Henri de Toulouse-Lautrec. Chocolat dansant dans un bar, 1900.
Depuis que l’art chinois en Angleterre et l’art japonais en France se répandaient à côté de l’art classique antique s’était ajouté l’art nègre. Le danseur Chocolat du Moulin-Rouge, que l’on retrouve dans plusieurs toiles ou affiches de Toulouse-Lautrec, annonçait la découverte de cet art du Bénin qui devait tant influencer Picasso et Braque. La musique nègre, venue de la Nouvelle-Orléans, insufflait à l’Europe son premier jazz. Tout cela, bien qu’admiré, bien qu’aimé, était mesuré à l’aulne des productions occidentales et se voyaient qualifié, de manière anthropocentrique, de primitif. Mais le primitif, c’était in à la Belle Époque.
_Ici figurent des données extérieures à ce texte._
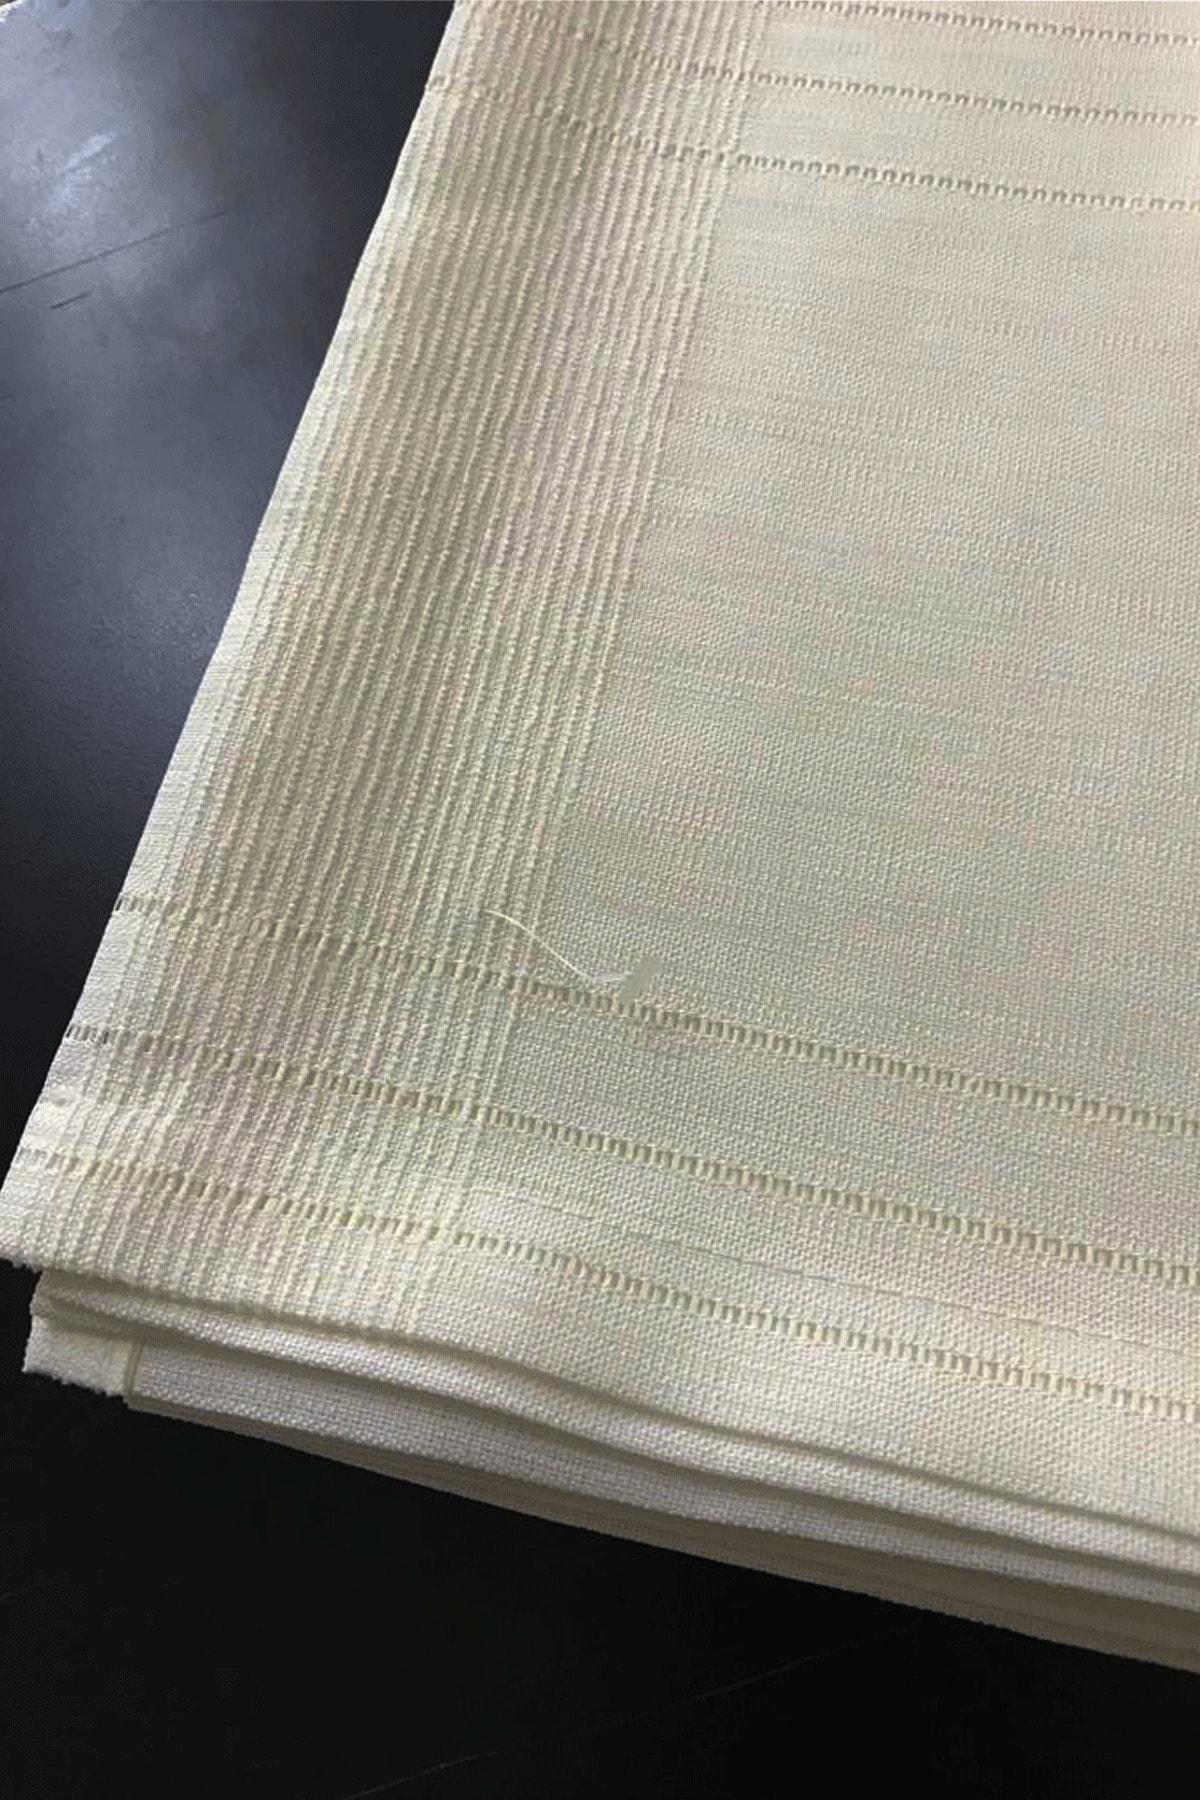 erciyesceyiz Beyaz Myslife Ham Keten Kumaş Çizgili Masa Örtüsü 160*220 cm 950 gr Ağırlıklı
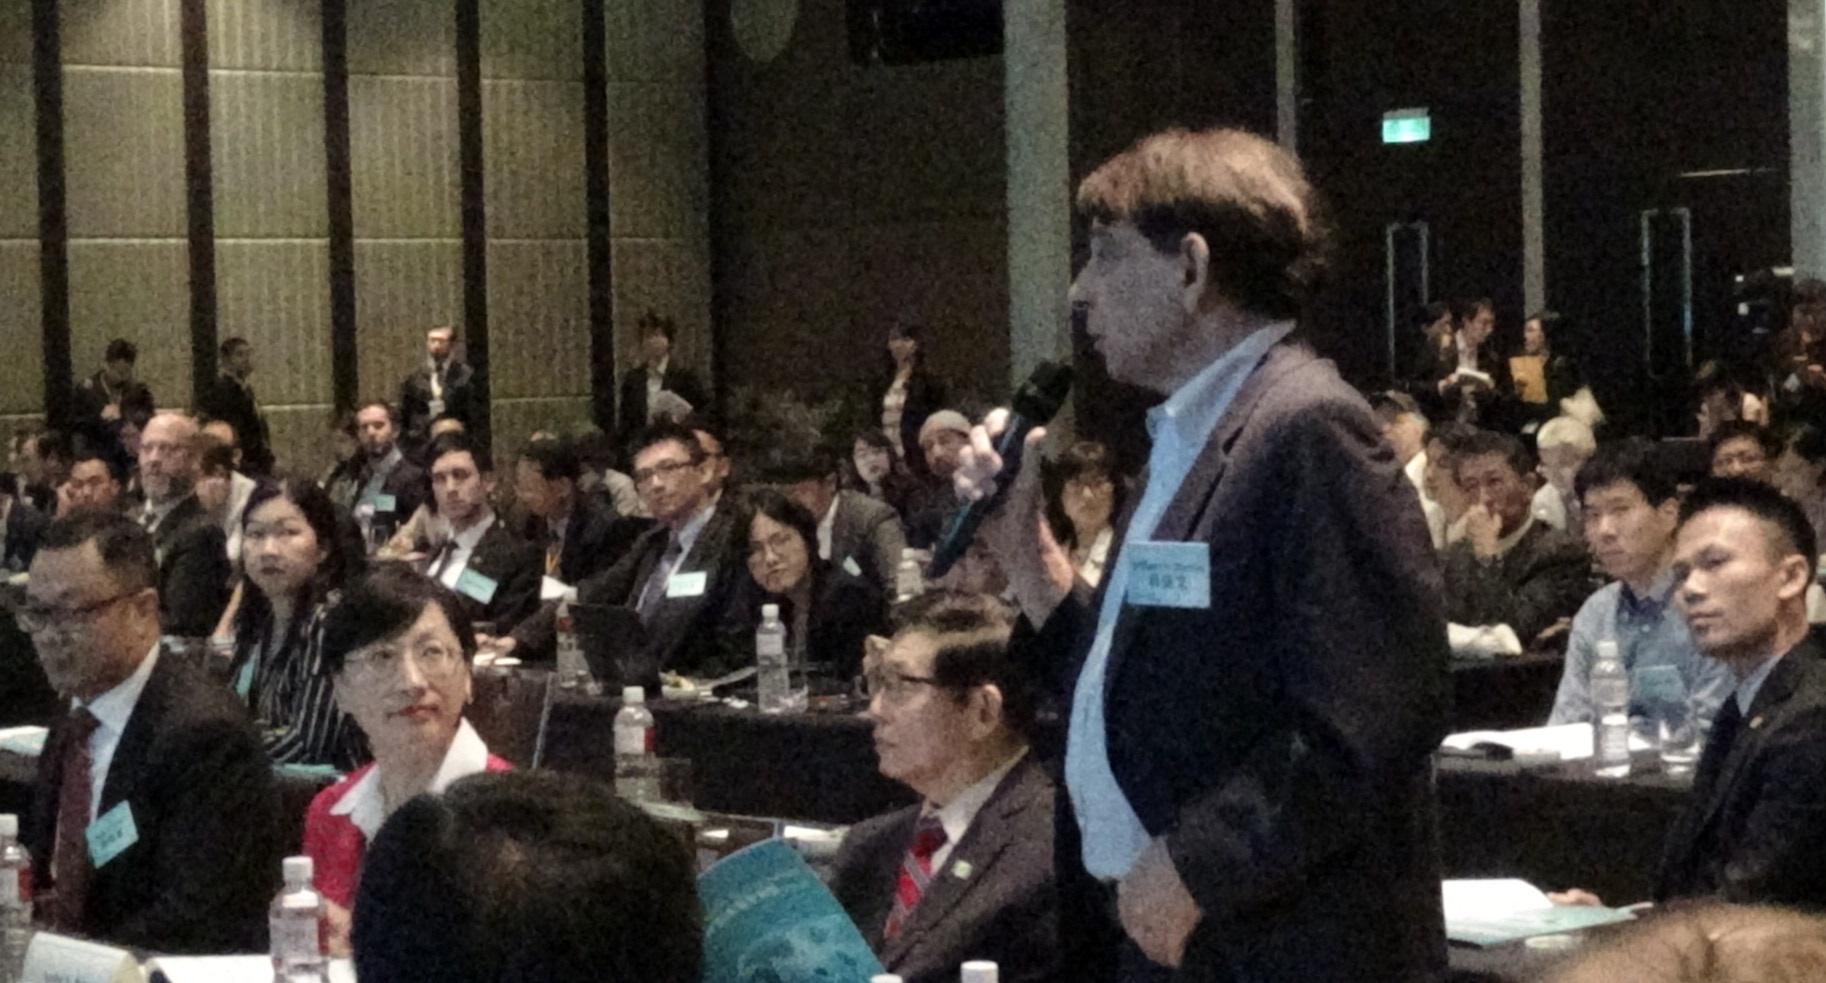 前AIT台北处长司徒文,向台上的前澳大利亚国防部长派恩提问。(记者夏小华摄)

Les thèmes de Rousseau rejoignaient cet univers. La charmeuse de serpents aurait bien fait danser Chocolat sur ses airs de flûte à bec. Alors que ce dernier s’était intégré à la danse des Folies-Bergères, la charmeuse de serpent apparaissait avec ses trente nuances de vert où se côtoyaient plantes exotiques et plantes des zones tempérées. À côté de l’art Avant-gardiste, la musique, elle aussi, s’initiait à la modernité du XXe siècle. Claude Debussy (1862-1918), en adaptant le poème de Mallarmé avec son Prélude à l’après-midi d’un faune en 1894, participait à la création de l’Avant-garde musical. Debussy, c’était le rejet de tous les conformismes en musique. La Mer renou-
velait la forme sympho-
nique; Jeux la musique pour ballet, Pelléas et Mélisandre l’opéra, tandis qu’il inscrivait la musique de chambre dans un impressionnisme inspiré : «Claude Debussy occupe ici une place prépondérante. Ce n’est pas par un effet de hasard qu’il joua Quartet en sol mineur et La Demoiselle élue, - titre inspiré du poème de Rossetti The Blessed Damozel - à l’ouverture de la première exposition de la “Libre Esthétique” à Bruxelles, en 1894. Il mit aussi en musique L’Après-midi d’un faune de Mallarmé et Pelléas et Mélisandre de Maeterlinck. Il écrit Images pour piano, et nous sommes en droit de voir un lien entre l’Art Nouveau et sa musique, bien qu’il soit nécessaire d’être prudent, et de ne pas aller trop loin dans ce sens. Mais les œuvres de Debussy réalisent certainement l’idéal wagnérien de la fusion des arts, et Edward Lockspeiser voit sa sensibilité musicale et artistique à ce stade comme un reflet évident de l’Art Nouveau. La conception de la mélodie en arabesque était la contrepartie musicale des théories de l’époque. Debussy dit lui-même dans la Revue Blanche (mai 1900), que “l’arabesque musicale ou encore le principe de l’ornement est à la base de toute forme d’art”. Il pense alors surtout aux entrelacs se terminant par un puissant mouvement contraire. Le musicien recherchait le rythme ornemental des beaux-arts, et l’artiste de son côté s’essayait à la forme abstraite de la musique».[72] À peine trois décennies après Wagner, le monde musical occidental était passé à tout autre chose.

Léon Baskt. Prélude à l'après-midi d'un faune dansé par Ninjiski. 29 mai 1912.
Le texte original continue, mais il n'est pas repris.